Wer heutzutage Beifall heischen will, fordert schnelle, unbürokratische Lösungen. Der Applaus ist diesen "Querdenkern" sicher, denn wer ein Klagelied auf die Bürokratie anstimmt, wird vom polyphonen Gleichgesinntenchor unterstützt. Freude schöner Götterfunke! Dies führt zur Quizfrage: Wer war Max Weber? A: ehemaliger Trainer bei 1860 München; B: die erste Frau von Gerhard Schröder oder C: der einzige deutsche Papst.

Wer alle drei Antworten verneint, darf Jauch-Zen (eine meditative Form unserer Spaßgesellschaft).

Aber lassen Sie uns doch etwas früher ansetzen:
Das Almosenwesen im Mittelalter sollte in eine städtische Armenfürsorge umgewandelt werden. Hierfür waren rationale Kriterien notwendig. So wurden beispielsweise die Familiensituation und das Arbeitseinkommen geprüft.
Noch heute wird diese Aufgabe in modifizierter Form von Arbeitsämtern, Gesundheitsämtern, Sozialämtern oder Jugendämtern wahrgenommen.
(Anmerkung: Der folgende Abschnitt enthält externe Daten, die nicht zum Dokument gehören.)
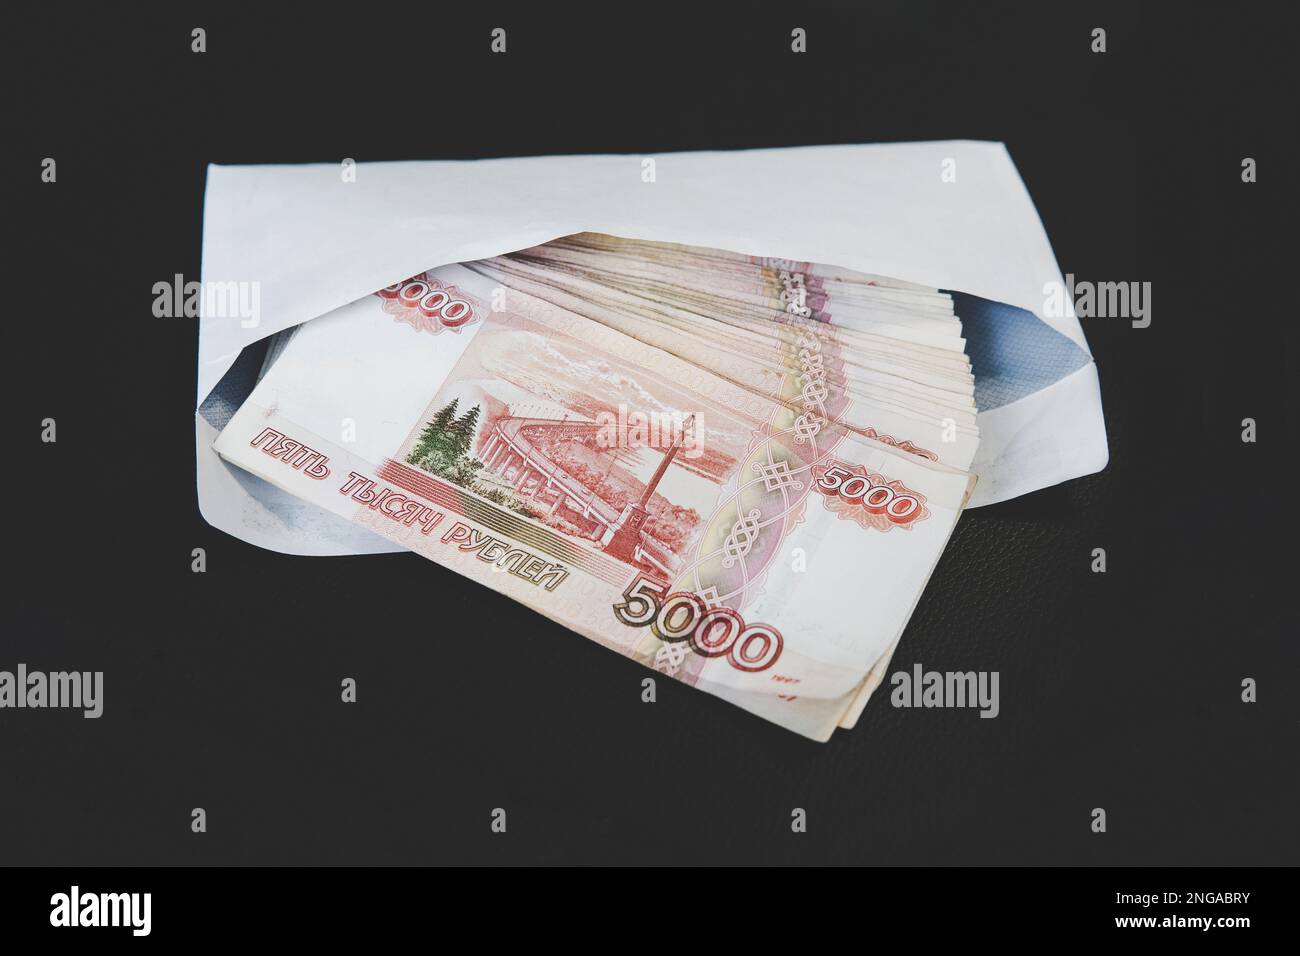 Grandes coupures de 5000 roubles dans une enveloppe blanche. Une main d'homme tient une enveloppe avec de l'argent. Le concept de corruption et de corruption Banque D'Images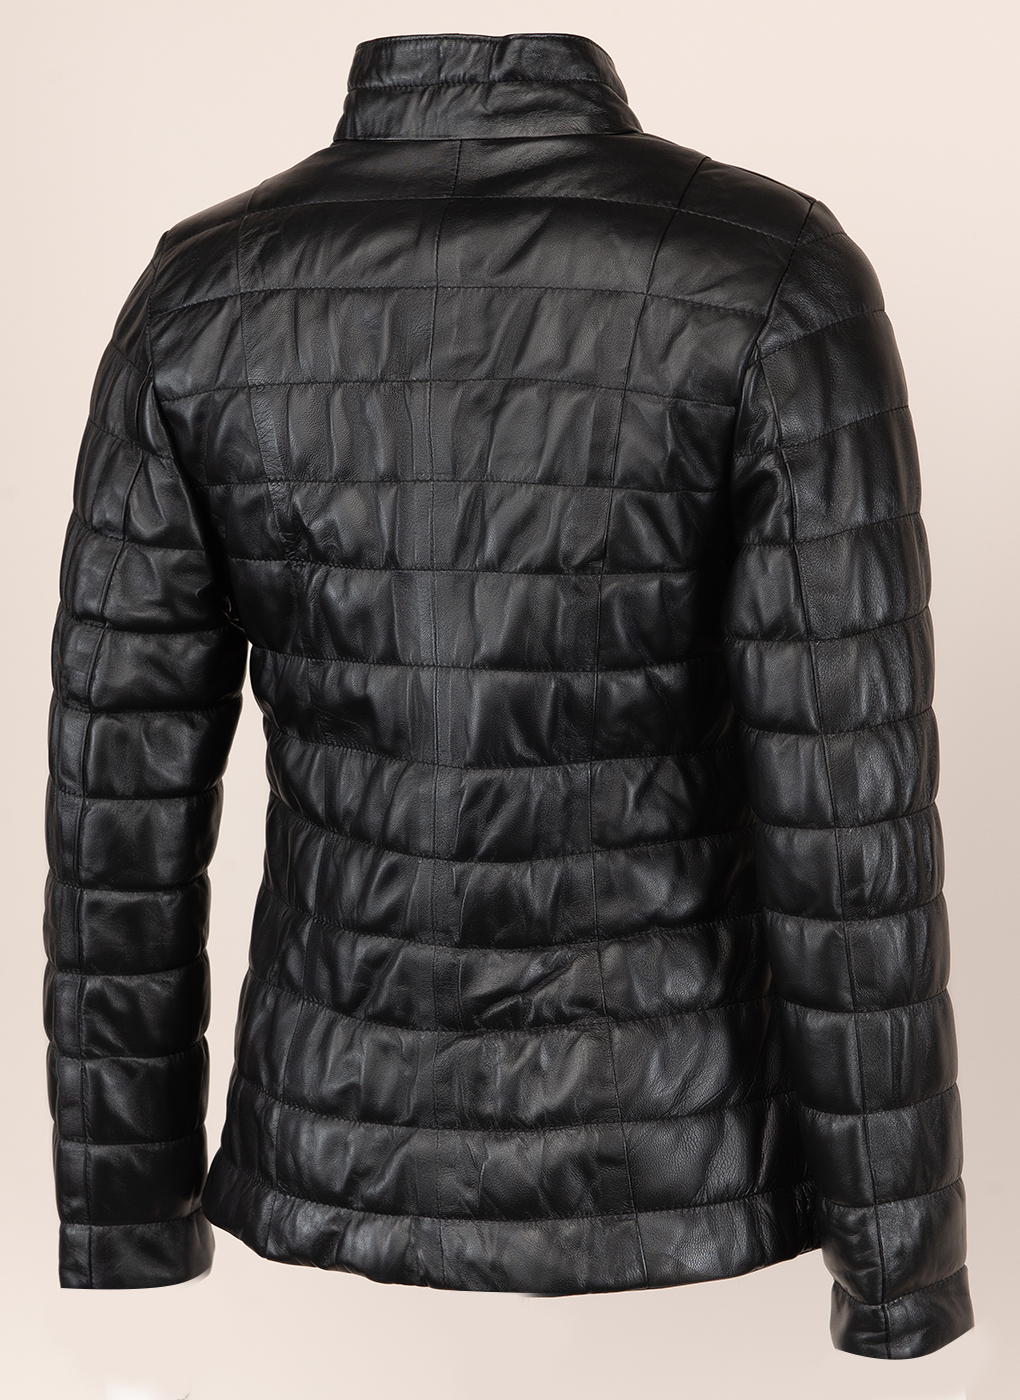 Кожаная куртка женская Каляев 156060 черная 48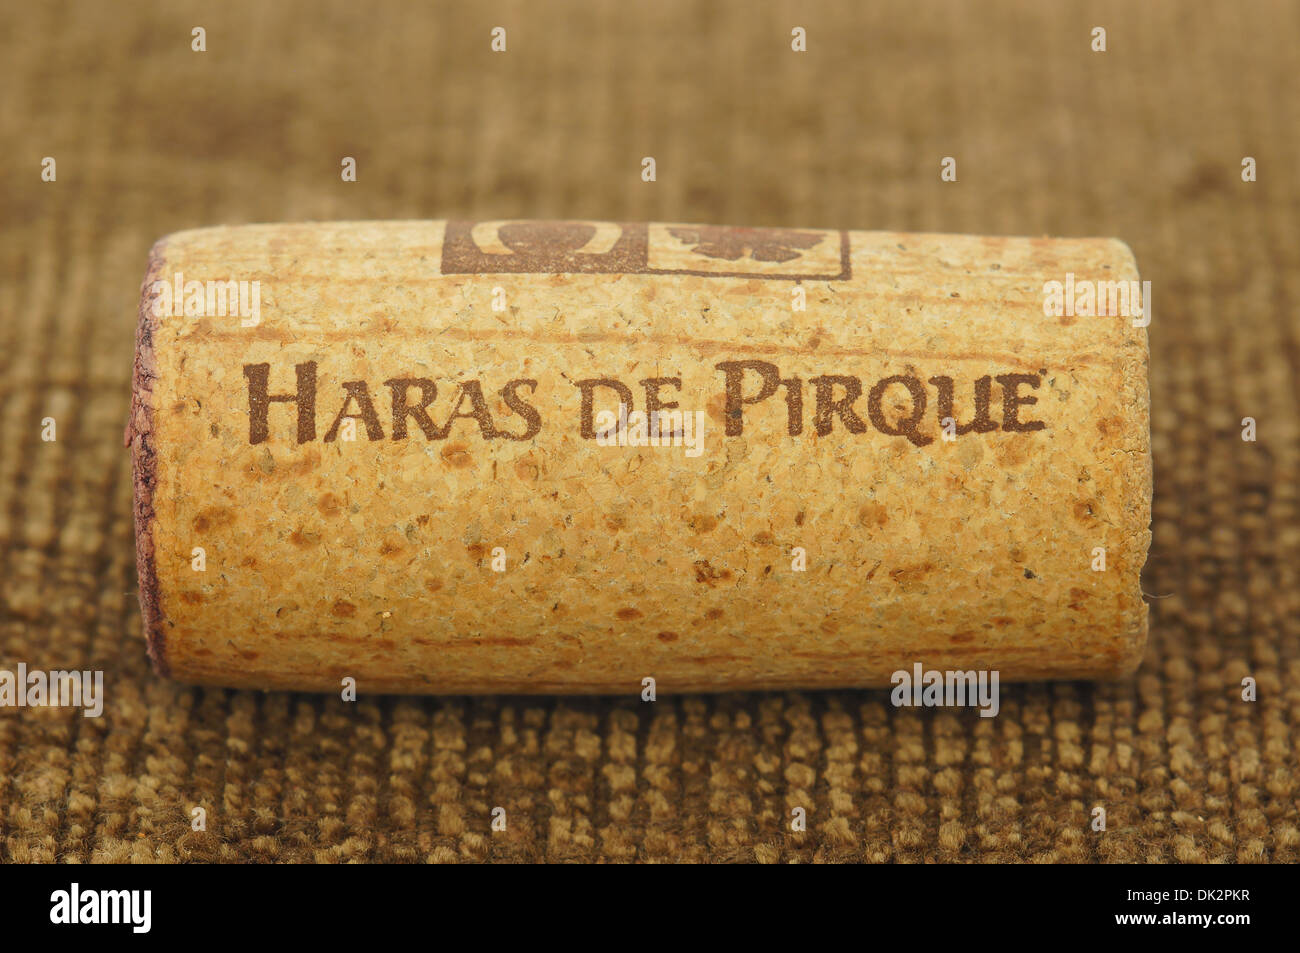 Haras de Pirque chilean wine cork stopper Stock Photo

Hierbei herrschen Regeln und Gesetze, die übrigens nicht von den ausführenden Fachkräften aus Gehässigkeit ersonnen werden, sondern in Demokratien von politischen Mehrheiten verabschiedet werden. Es ist demnach widersprüchlich und unlogisch, wenn Politiker für unbürokratischen Lösungen eintreten.

Bürokratie in reinster Form einer legalen Herrschaft (wir sind bei Max Weber) ist gekennzeichnet durch Sachlichkeit, wobei der Wirkungskreis nicht für bestimmte Personen, sondern allgemein gültig sein muss. Außerdem soll verlässlich und präzise gearbeitet werden.

Hier noch einige Eigenschaften einer funktionierenden Bürokratie: Die Menschen, die dort arbeiten, sind fachlich geschult, werden nach Eignung (nicht nach Herkunft) ausgewählt und einzelne Stelle sind hoch spezialisiert. Das Verfahren, welches an Koordination und Kontrolle gebunden ist, wird sachkundig durchgeführt und schriftlich dokumentiert.

Wie lässt sich nach dieser kleinen Einführung unbürokratisches, schnelles Handeln interpretieren? Bedeutet es ohne Regeln, ohne Überprüfbarkeit, unüberlegt und willkürlich? Bei solcher unreflektierter Effekthascherei bekenne ich mich gerne zur Bürokratie, die nebenbei bemerkt durchaus Schwachstellen aufweist und hinterfragt werden muss - aber dann bitte etwas differenzierter.